Figure 5 reveals that variability near ${P}_{\mathrm{short}}\approx 1.6\;\mathrm{year}$ is intermittent with peak periods occuring across the full range of periods analyzed. Significant peak variability in the 1.4–1.8 year range begins in 5-year windows centered at 1985, 1993, 2000, and 2009, with each episode lasting for 3–5 years. The 1985 and 2009 episodes precede the cycle 2 and 4 minima in the long-period cycle, respectively, while the 1993 and 2002 episodes roughly coincide with cycle maxima. In contrast to the minima of cycles 2 and 4, the cycle 1 and 3 minima are devoid of short period variability. Peaks are often found from ∼2.2 to ∼2.4 year as well, which is confirmed in the plot of the power integrated over all windows. Here the broad peak at ∼1.7 year is notably shifted from the cluster of narrow peaks in the periodogram of Figure 3(b). This may be due to varying phase in intermittent short-period signals leading to interference effects in the full-time-series periodogram. We will take the mean of the detected peak periods <2.0 year as our best estimate of the short-period signal, ${P}_{\mathrm{short}}=1.67\pm [0.35],$ where the quantity in brackets is half the observed range of peak periods.

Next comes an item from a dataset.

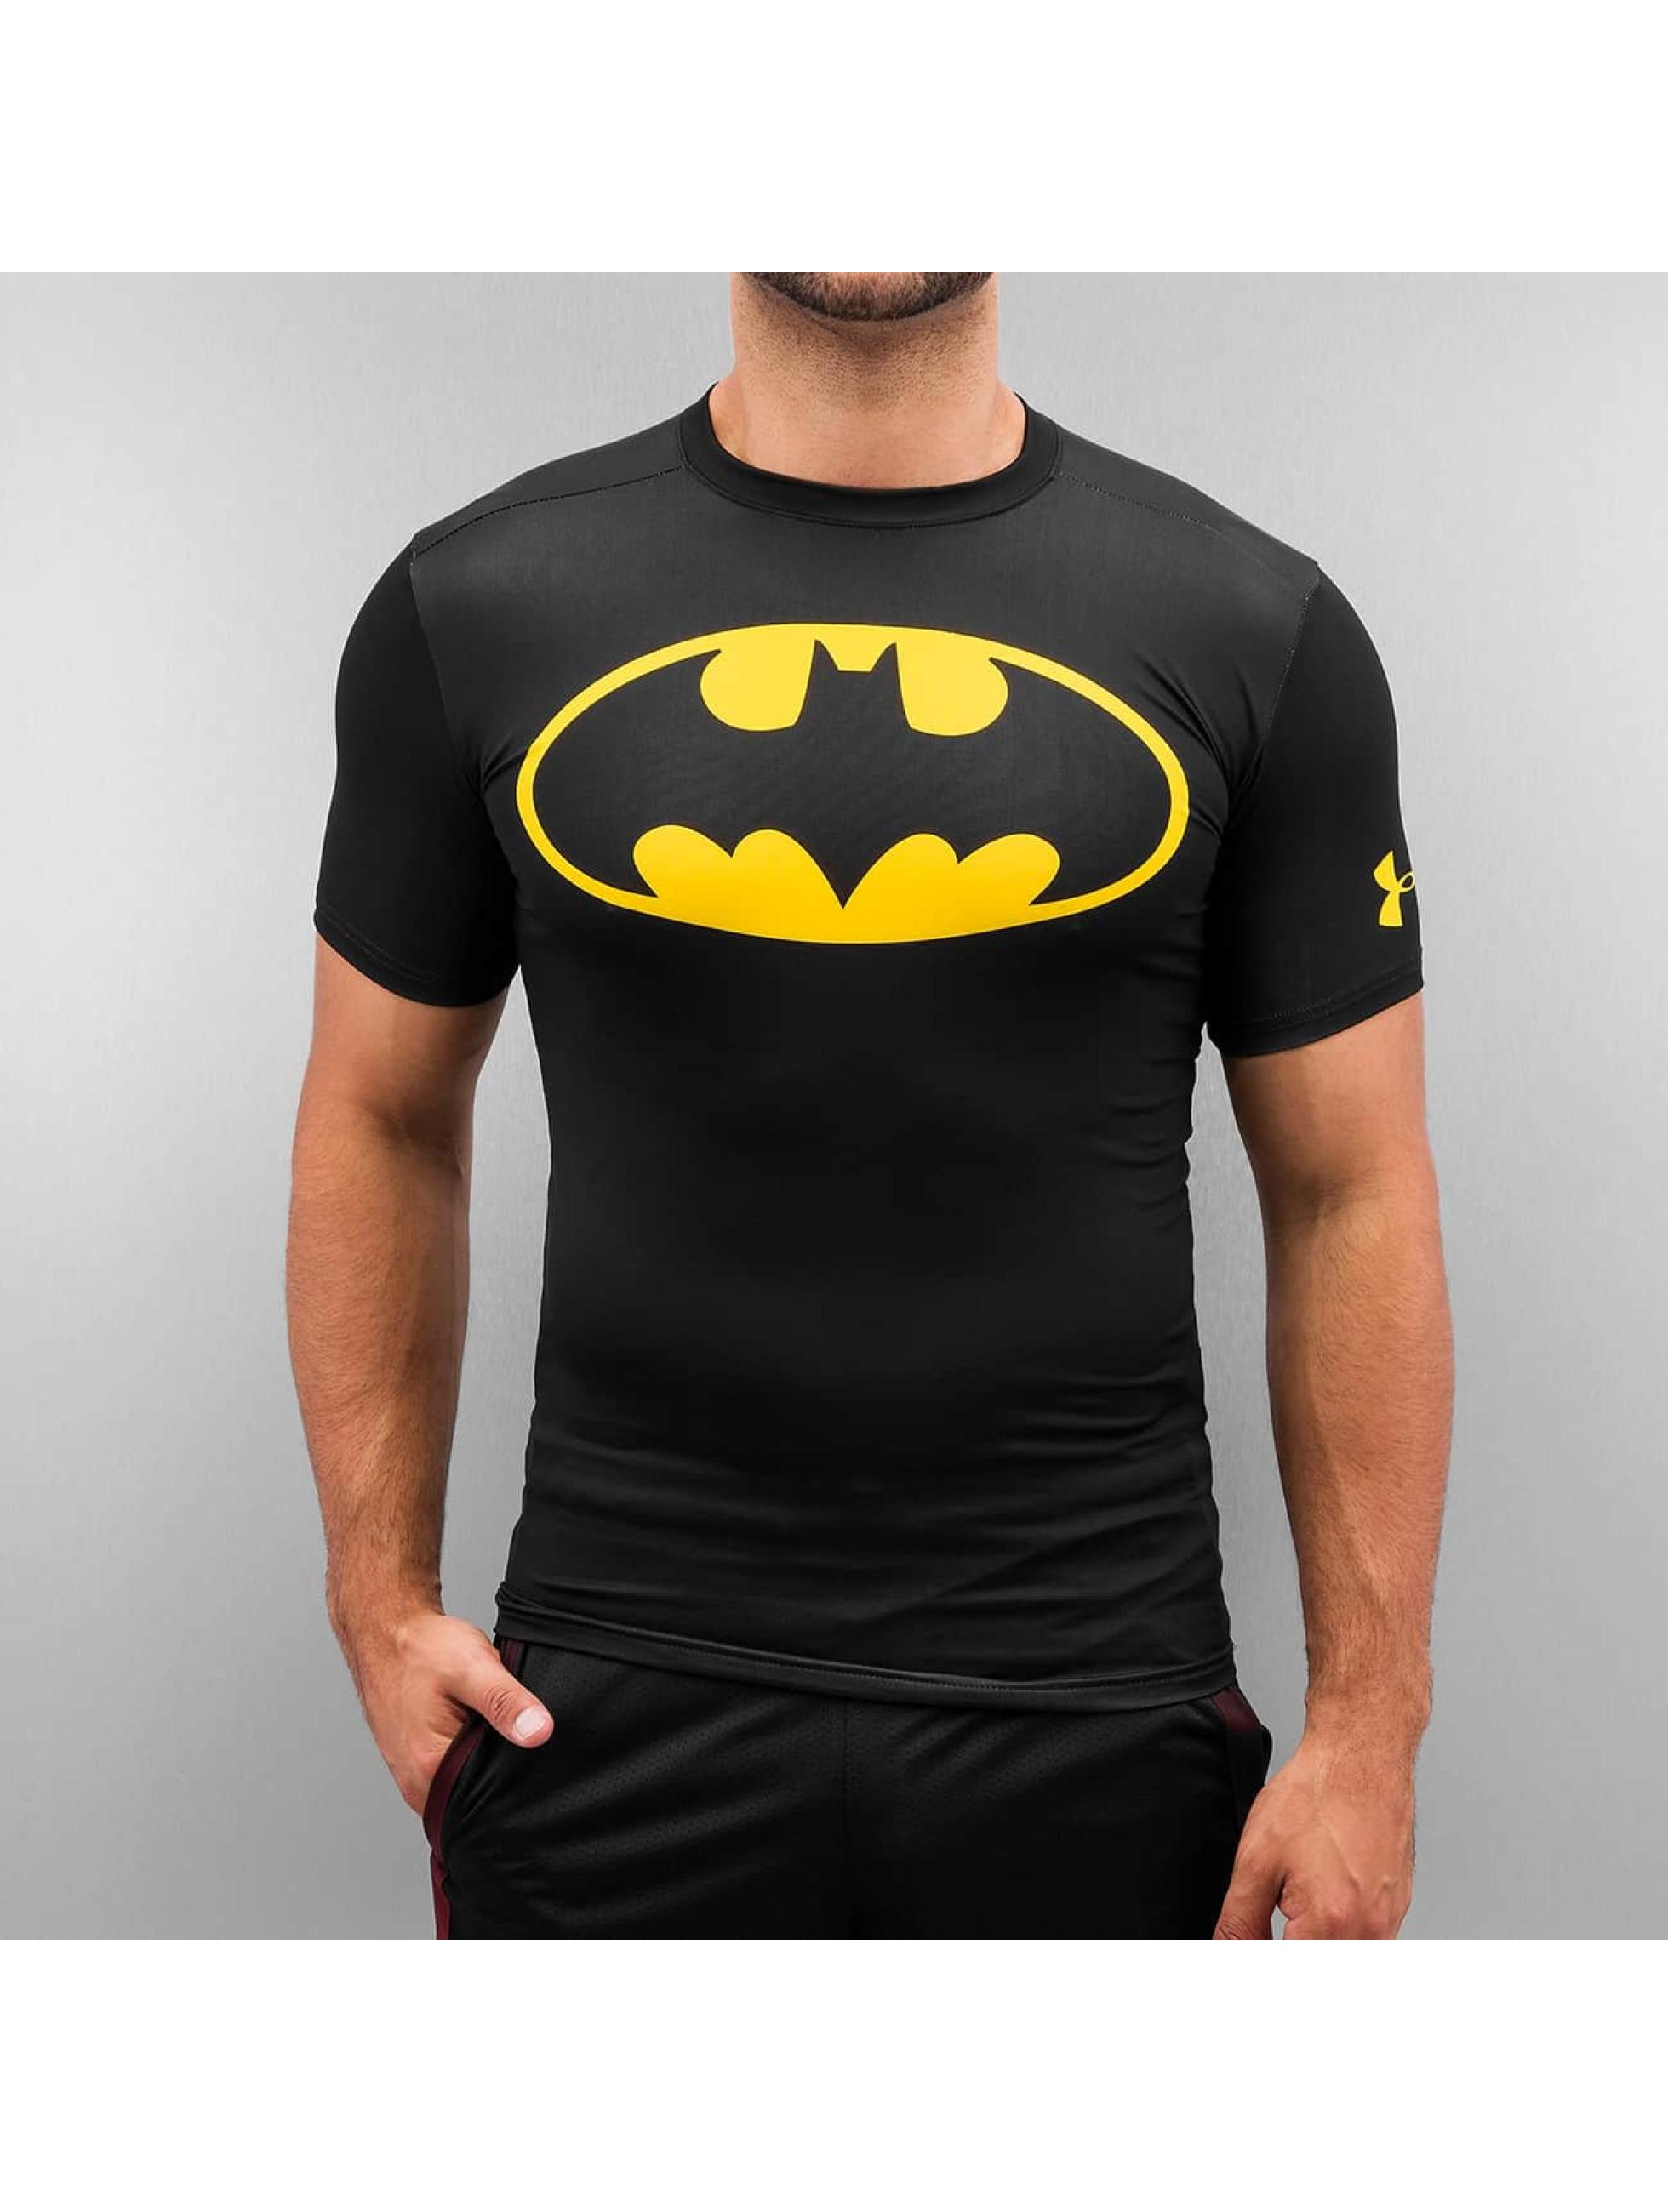 Under armour herren t shirt alter ego batman compression for Original under armour shirt

We analyzed the peak-to-peak amplitudes ${\rm{\Delta }}S$ of sine fits to the data with the significant peak periods in the range of 1.1 to 2.0 year and found them to range from 0.012 to 0.030, with a mean of 0.020. The average short-period relative amplitude ${A}_{\mathrm{short}}={\rm{\Delta }}S/\bar{S}$ is then $0.066\pm [0.028],$ roughly half of the average long-period amplitude but nearly equal to relatively low amplitude of cycle 1, as deduced from our cycle model. We performed a rank-correlation test between the short-period amplitudes and the long-period cycle model, but no significant correlation was found.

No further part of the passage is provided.